Cannibalism was one of those sins that mankind pulled out of the closet when the circumstances became dire enough. It had been around for a long time, since the colonization of North America by the supposedly enlightened non-savage Europeans. There was historical documentation that Jamestown, one of the very first settlements in the New World, had survived through the early harsh winters as a cannibalistic society.

It had been stated in the journal, of one early town founder, that while it remained illegal to kill and eat those still living, it was permissible to eat those who died from natural causes, even those long since buried in the ground. Personally, if things got that bad I’d cut my own throat. Humanity sometimes went way too far overboard in the quest to survive.

Some things just weren’t worth doing, in order to survive, in the quest to retain one’s mortality for a little longer. A queasy thought went through me. Had my little Asian chick turned man-eater on me?

That was a disturbing thought! If that was the case I would be finding a different island to live on, while she spent the year cracking the Code on my former island. I’d toss a fish onto shore for her from time to time that would be about the only interaction I would have with her.

My entire mood soured at the prospect that my playmate to be might already be untouchable. Why had I gone and spoiled everything with that likely scenario? Here I was rushing off to rescue a damsel in distress and instead of a look of yearning for something more intimate between us, she might be yearning to see and experience me Delmonico steak style. Life really sucked right now!

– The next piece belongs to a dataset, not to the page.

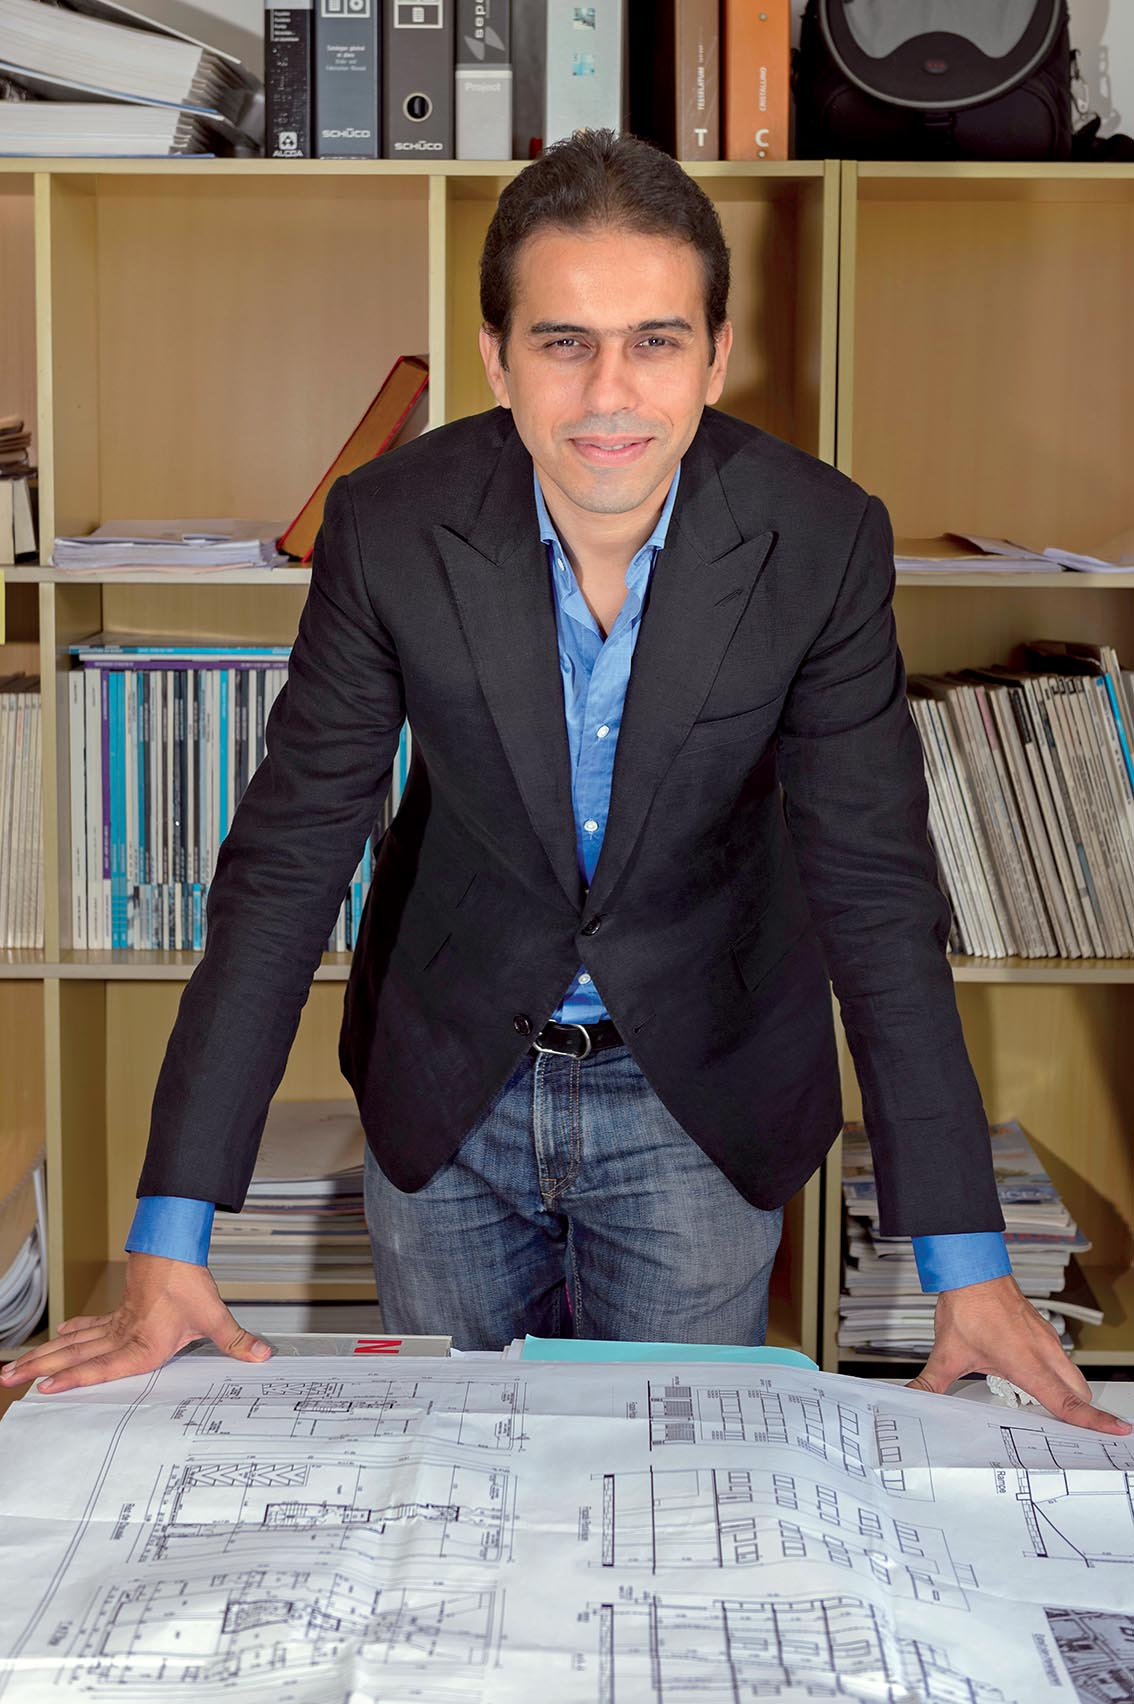 Mohamed amine siana la jeune garde de l architecture for Jeune architecte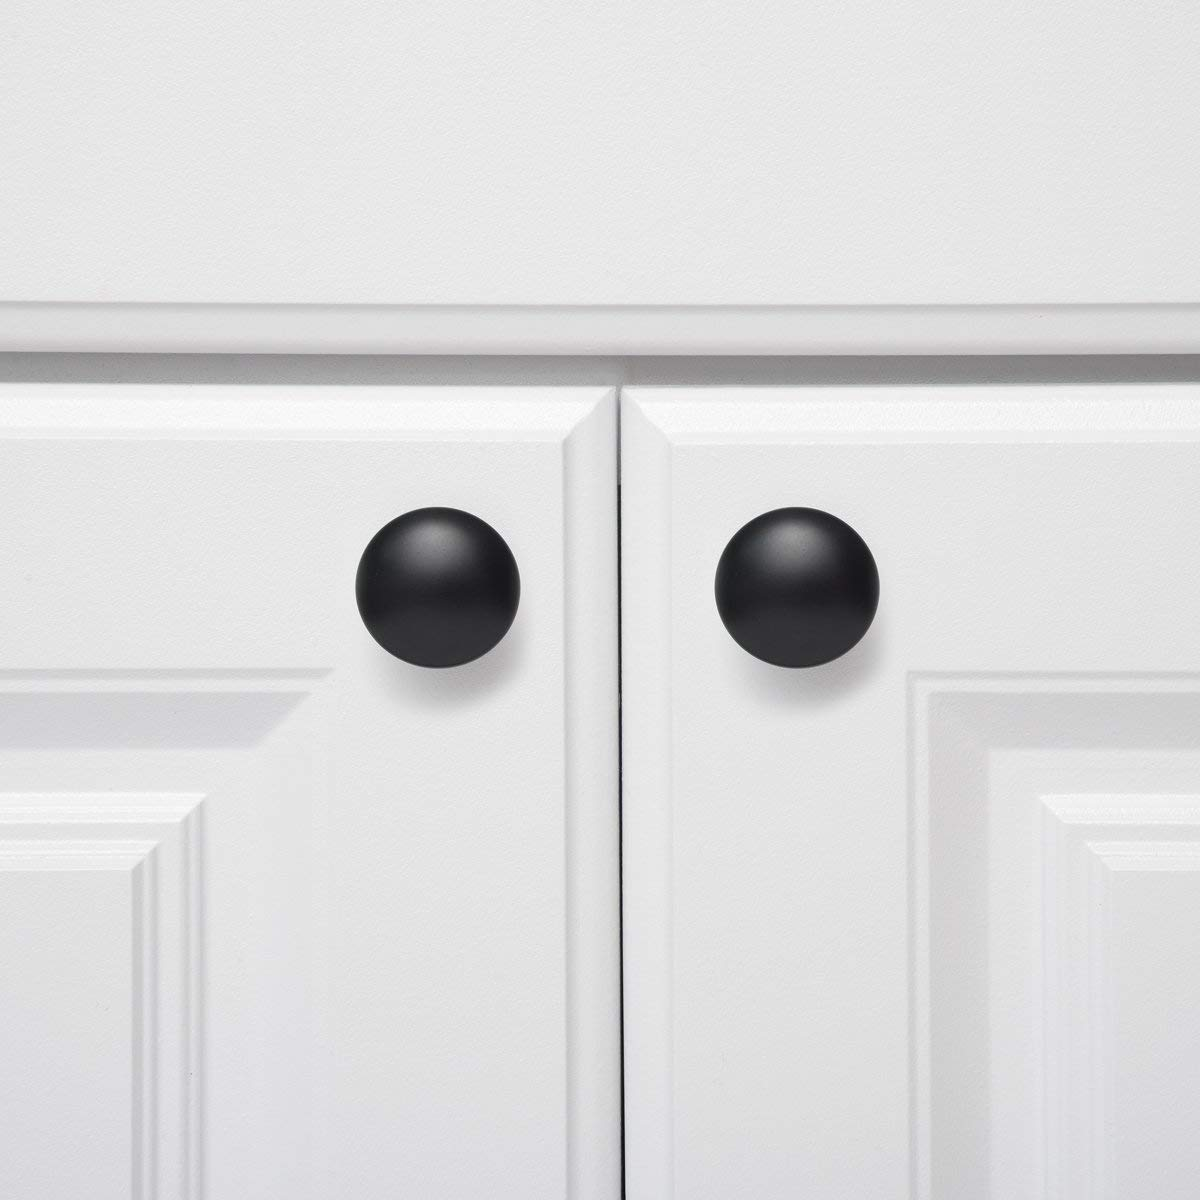 mueble de armario un solo agujero con tornillos de 25 mm para armario de aleaci/ón de aluminio 10 unidades redondeados Pomos para armario cuadrados GOODCHANCEUK

I should’ve stuck with the Eskimo girl idea. About the most socially unrequitable things on their menu and attire were cute little fluffy polar bear steaks and baby sealskin boots.

 

Two days later in a remote valley I found the bush pilots airfield. Everything was as specified. No one seemed to have found this little hamlet in a forgotten valley of the wilderness. The plane had been out rigged with extra fuel tanks and hopefully it would be enough to both get there and back. I fired up the engines and build up RPMs, as I taxied to the slightly overgrown runway of weedy grass.

I saw three men run out of the cover of the surrounding forest with little more to their name than spears. They didn’t look too friendly and in some ways they seemed more beast-like than human. They apparently had been tracking me.

I let the plane lunge forward down the runway away from the charging men, “Asta lovista losers!”

One thing was for sure, I wouldn’t be landing here again. I’d crash land in the sea first. I stayed low over the land in an attempt to dodge any radar that the Code may have in play. There was no point in alerting them to my presence. All navigation and beacon type equipment had been deactivated and I was largely flying blind except for my own handwritten chart plotting.

If the wilds of British Columbia could be this bad I could only imagine what it was like further south in the big cities.